Cad. Boondoggler. Swindler. Ass. Plagiarist. Hutcher. A movable feast in the subtle culinary art of shit talking.

3 replies on “Can We Stop Ignoring Iraq?”

I agree that there is still a lot of work to be done. However, I don’t believe that ousting Saddam Hussein was a complete loss. Saying that Iraq’s future has never been more precarious is really interesting, can you expand on that? Also, what is your opinion on the idea floating around that none of the recent uprising could have occurred had SH still been in power?

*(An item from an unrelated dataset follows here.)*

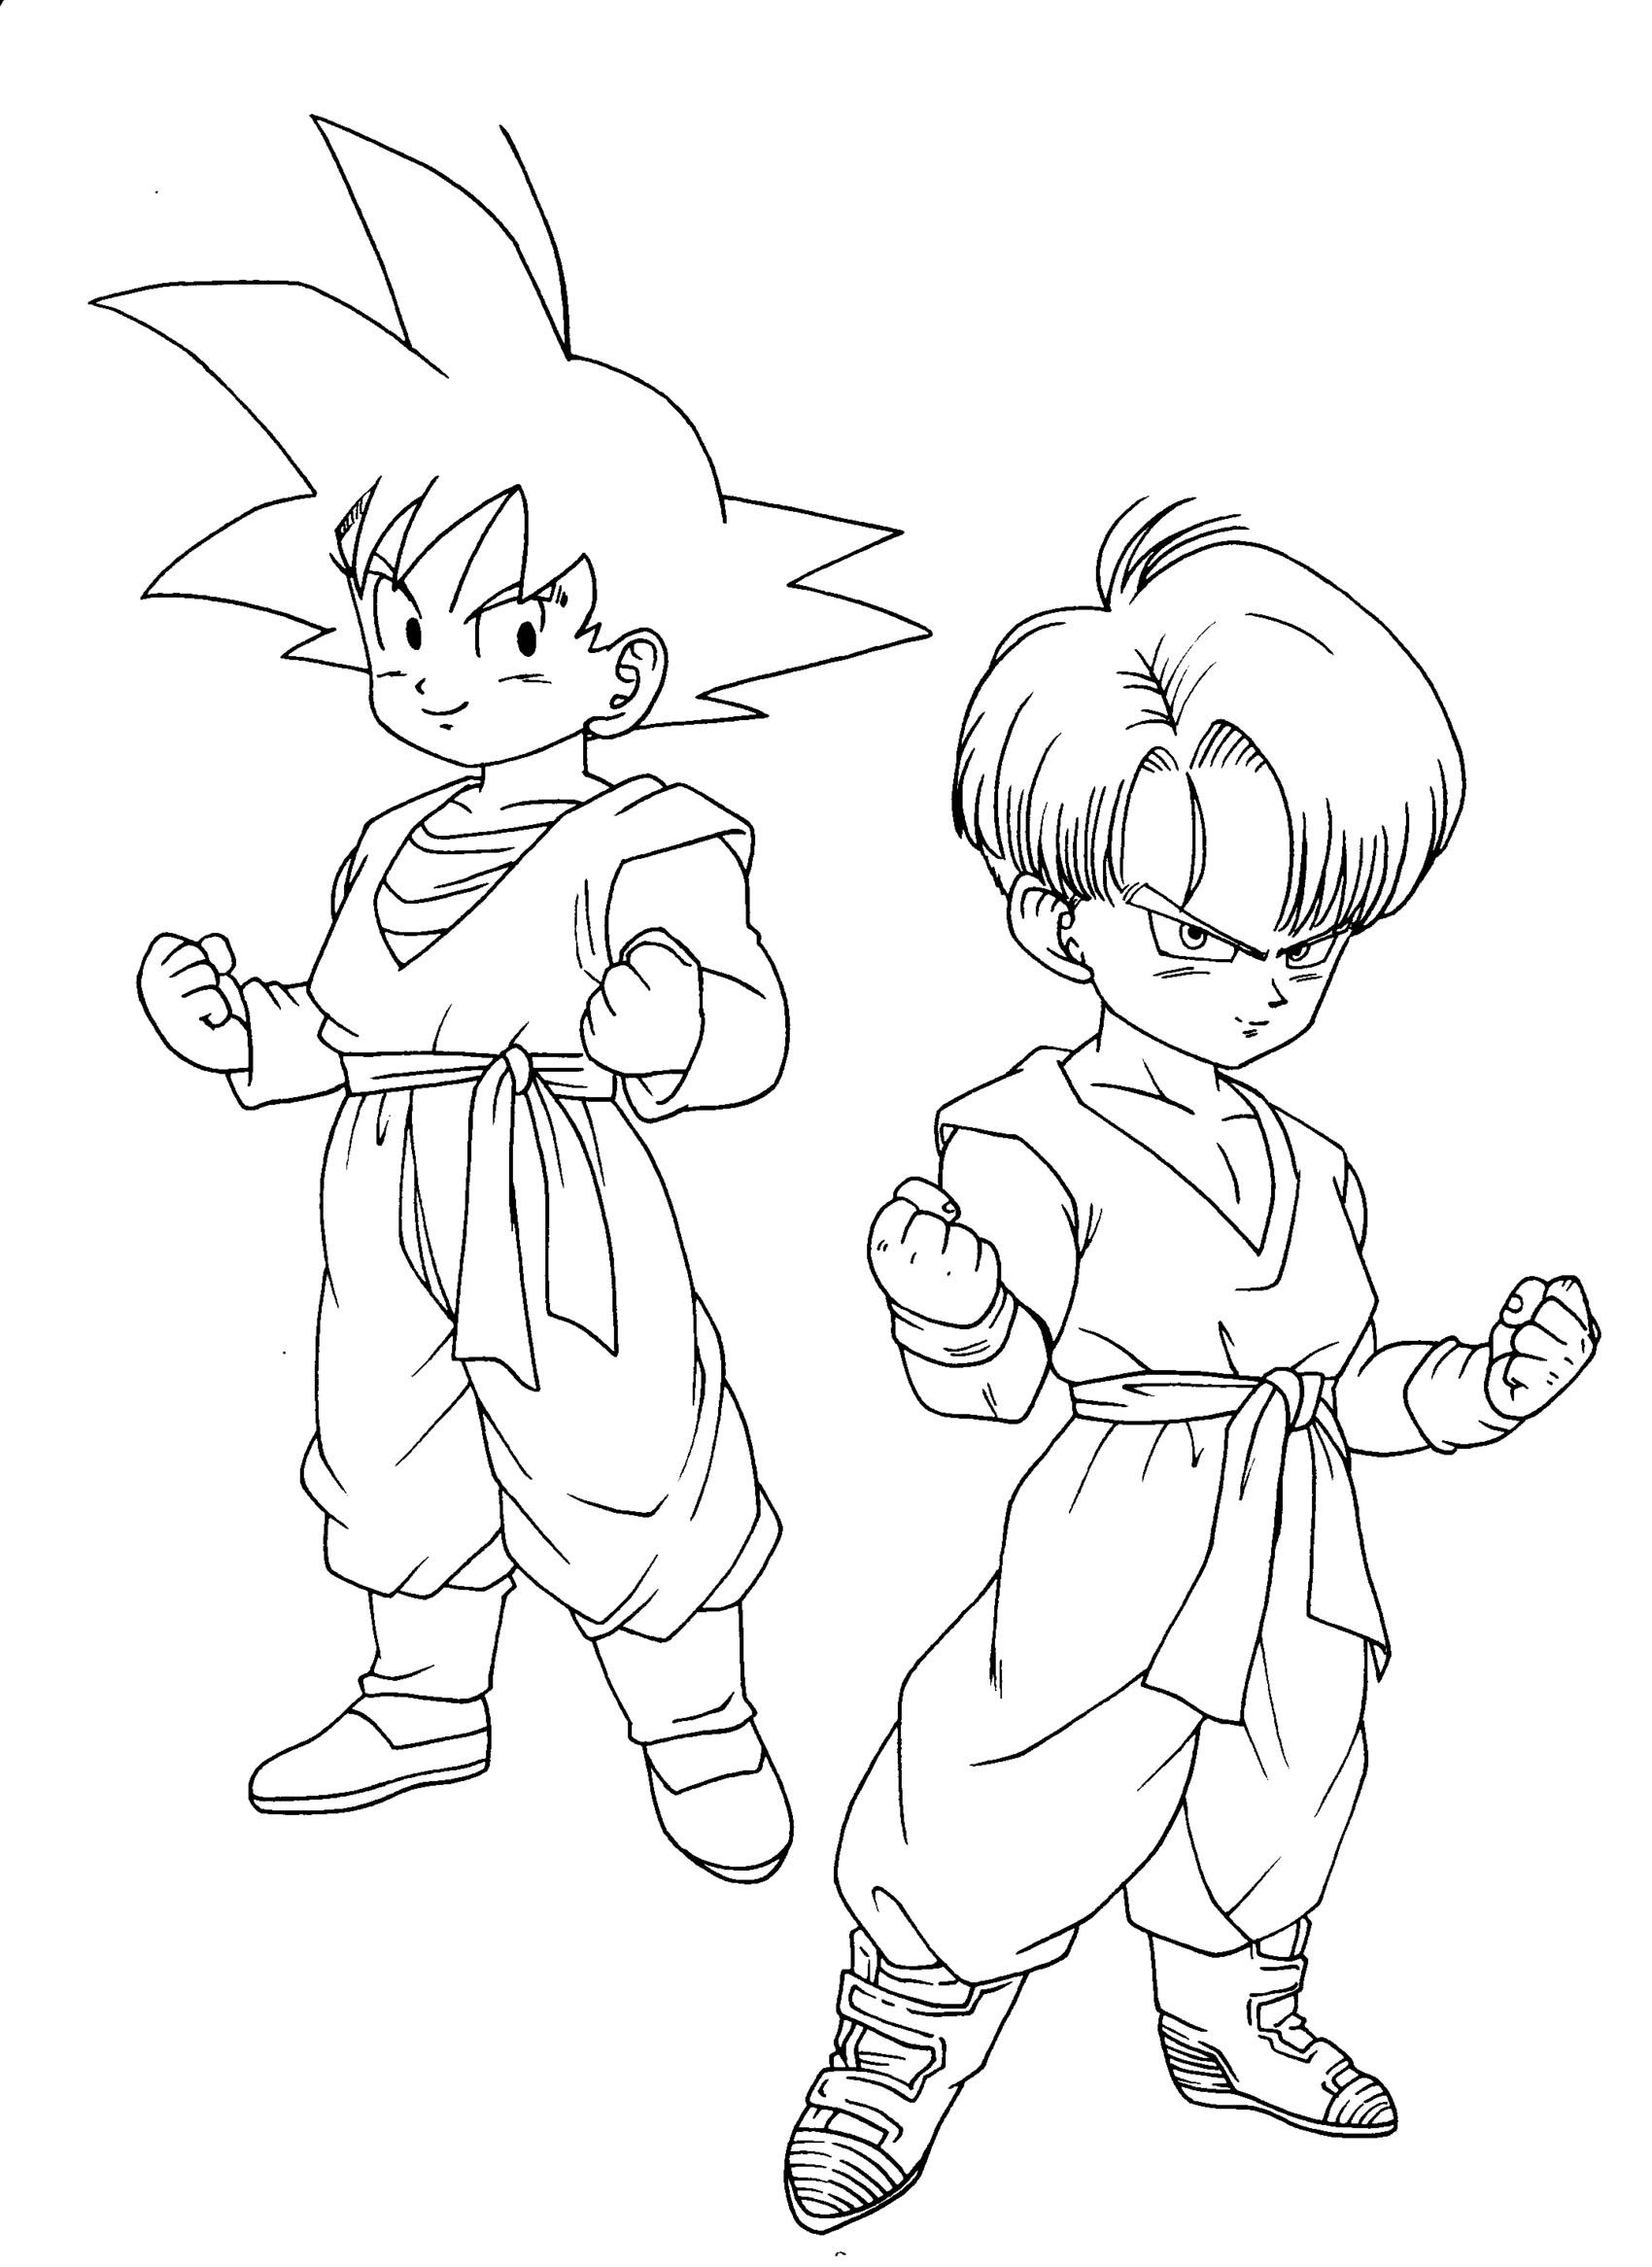 Songoten Trunks Dragon Ball Z Kids Coloring Pages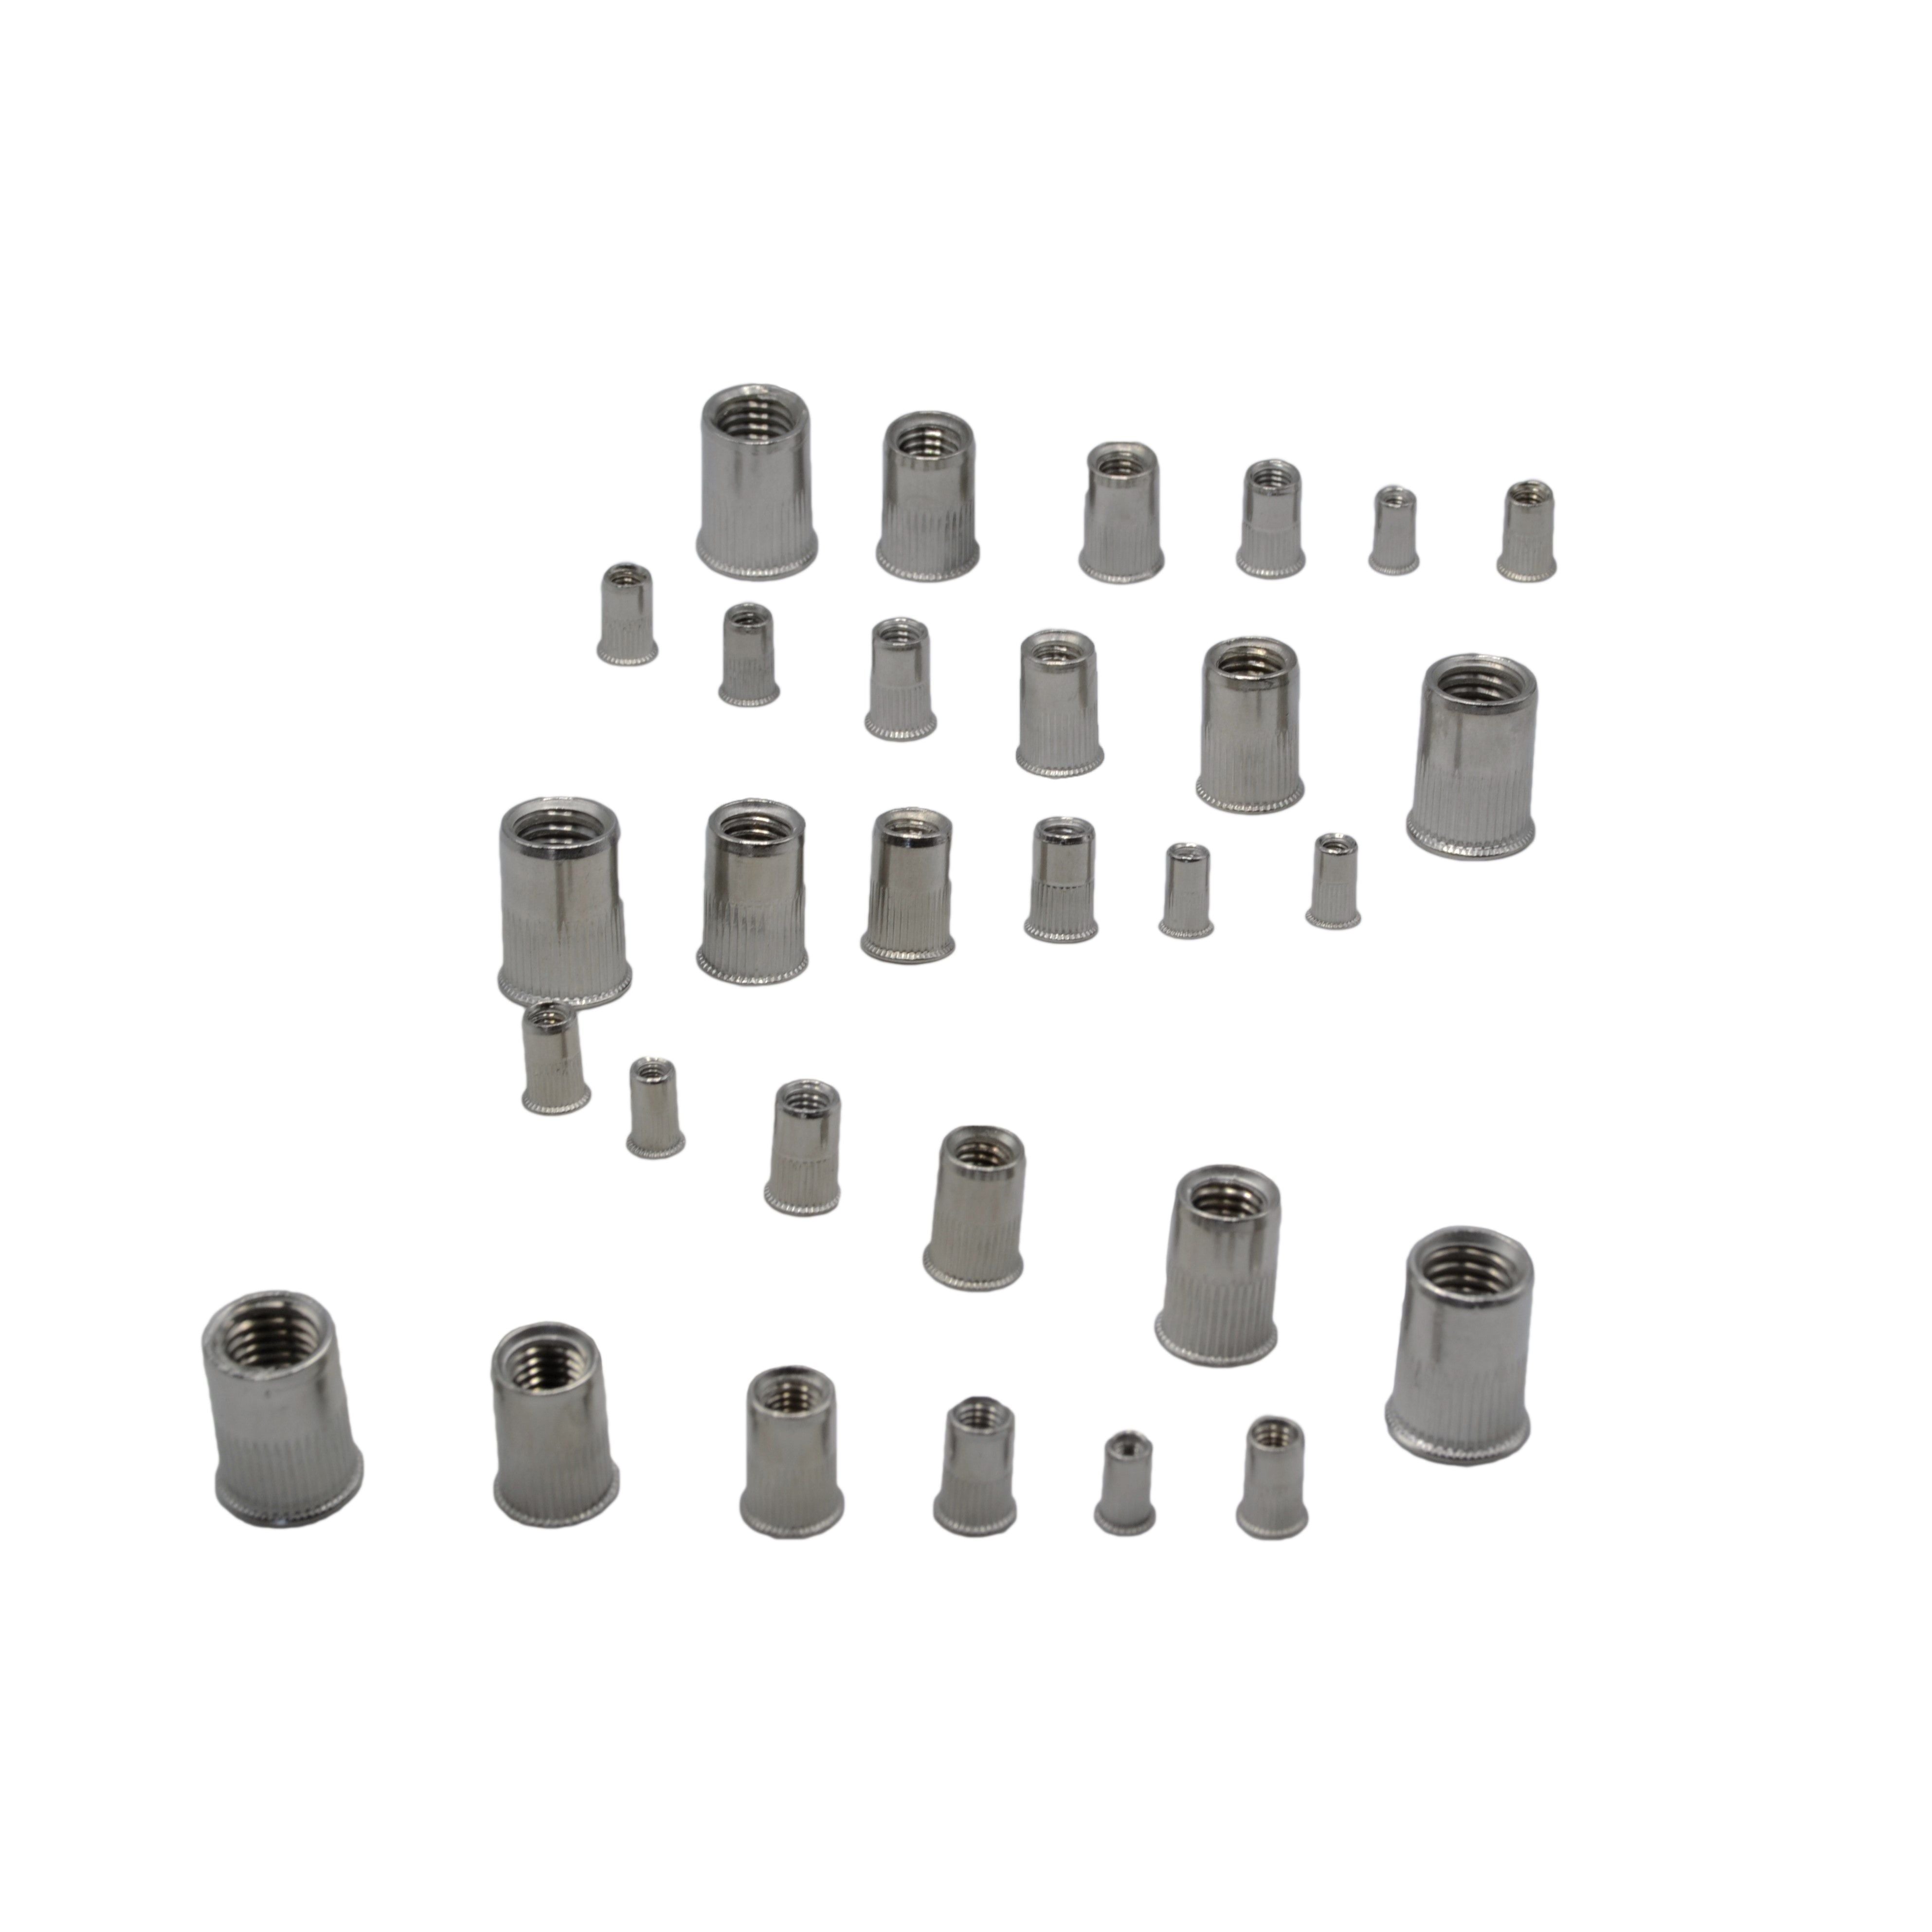 304 Small Flange Stainless Steel Metric Nutserts 120 pc grab kit assortment

Putting aside the fact that the war was illegal–and that there was no justifiable reason to invade–there are few people who mourn the death of Saddam. Even those Sunnis who benefited from his rule still lived in fear under his reign. The problem is that now you have majority (Shia) rule–and no minority rights. And that’s not so great, either; just witness how they’re trying to crush the protests in Baghdad and elsewhere (even though the people aren’t calling for an end to the regime, just, you know, electricity and drinking water).
The absence of a strong Iraq has also shifted the balance of power in the Middle East to an Iranian/Saudi showdown, which will have far-reaching implications. Strengthening the hand of Iran is a dangerous thing. However, I think that the Egyptian uprising would’ve happened with or without Saddam, and I think it would have spread elsewhere. There are times for certain things, and Egypt’s was now.